When the researchers analysed their pooled results, they found that short sleep, compared to normal sleep, was reported to be associated with increased risk of developing or dying from CHD (relative risk [RR] 1.48, 95% confidence interval [CI] 1.22 to 1.80), as was long sleep (RR 1.38, 95% CI 1.15 to 1.66). Pooled analysis similarly found that long sleep was associated with increased risk of developing or dying from stroke (RR 1.65, 95% CI 1.45 to 1.87). The increase in stroke risk with short sleep was only just statistically significant (RR 1.15, 95% 1.00 to 1.31). For studies examining total cardiovascular disease, the researchers found that, compared with normal sleep, long sleep was associated with increased risk of developing or dying from any cardiovascular disease (RR 1.41, 95% CI 1.19 to 1.68). There was no association between short sleep and any cardiovascular disease (RR 1.03, 95% CI 0.93 to 1.15).

How did the researchers interpret the results?

The researchers concluded that their review found that shorter-than-normal or longer-than-normal sleep was associated with increased risk of “developing or dying of coronary heart disease and stroke”.

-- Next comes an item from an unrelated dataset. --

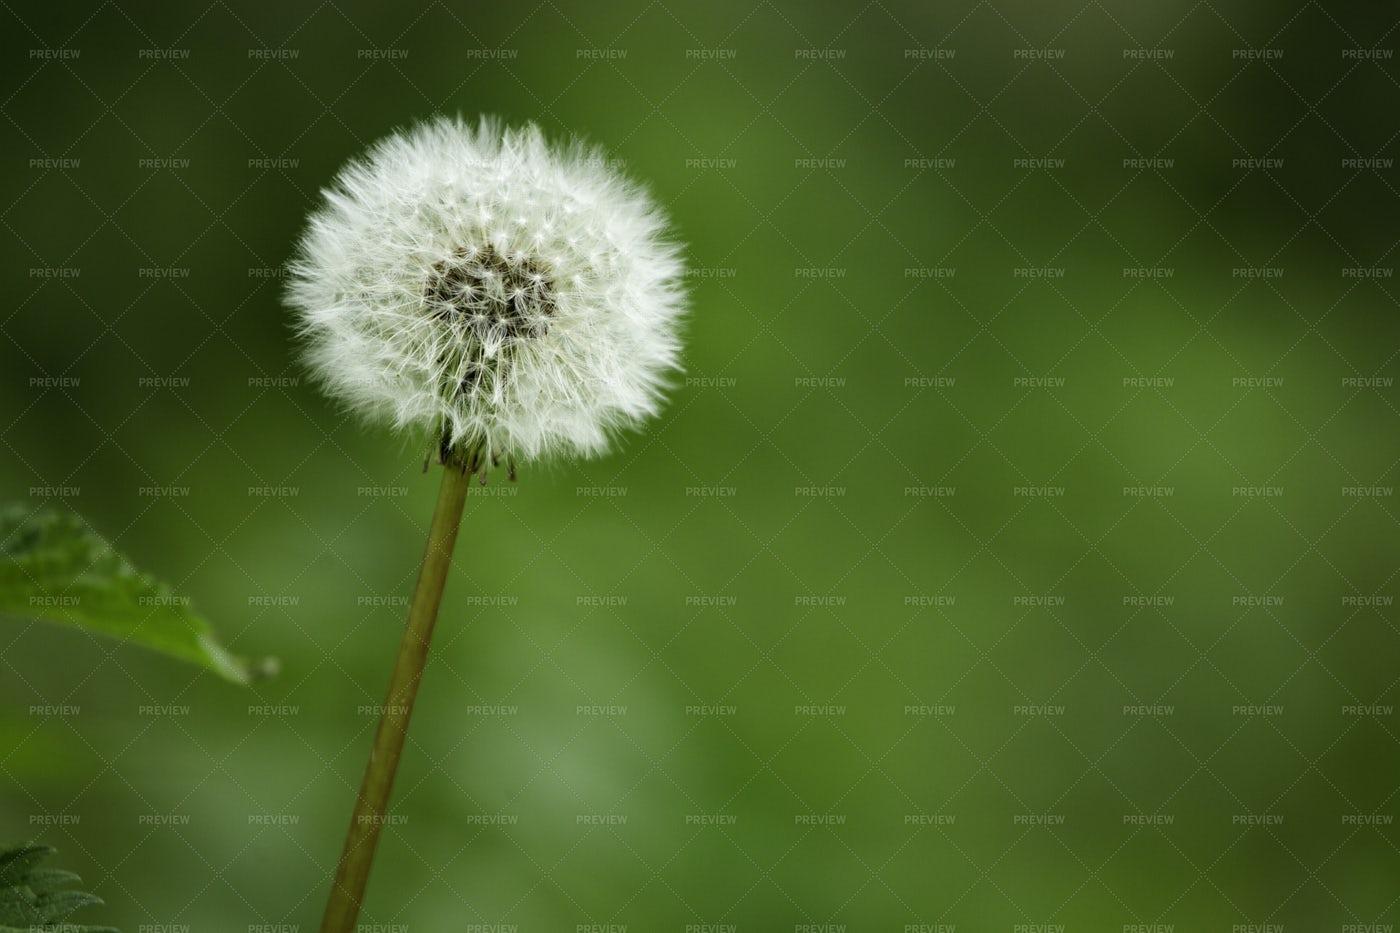 Dandelion On Green Background: Stock Photos

This study found that, compared with 7-8 hours of sleep a night, shorter and longer sleep was associated with increased risk of fatal or non-fatal coronary heart disease or stroke.

There are some important points to consider when interpreting this research:

  • The review does not specify whether the identified cohort studies excluded existing cardiovascular disease at baseline or looked for new disease development during follow-up. Therefore, it is not clear how reliably it can tell us whether sleep duration is associated with the development of cardiovascular disease.
  • The participants reported their own sleep duration, which was only measured at one point at the beginning of the study. It cannot easily be assumed that this represents a life-long sleeping pattern for the subject. Also, it is not clear whether all respondents reported sleep in a similar way, for example whether they only considered time in bed or time asleep, including naps as well.
  • The studies included in the meta-analyses had some variation in their methods. They varied in the time period they assessed (studies commenced between 1970 and 1999), age range of their included population (varying between studies from people aged 31 and over to people aged 69 and over), duration of follow-up (from 6.9 to 25 years) and methods of outcome assessment.
  • Many factors may affect sleep duration and quality of sleep, including illness, mental health and a person’s life circumstances. The individual studies variably accounted for the participants’ lifestyle, medical and psychological health at the time of assessing sleep, including smoking status, raised blood pressure, diabetes and stress. Such variable lifestyle, medical and psychological health factors could affect the relationship between sleep duration and cardiovascular disease (for example, stress could be the cause of both poor sleep and poor cardiovascular health).

Confirmation that extremes of sleep, both long and short, are associated with poor cardiovascular outcomes is of interest. However, as the researchers say, the “mechanisms that underlie these associations are not fully understood”. As such, the reasons for poor sleep patterns also need consideration, as sleeping for longer or shorter periods may only be a by-product of factors that also affect cardiovascular disease and death.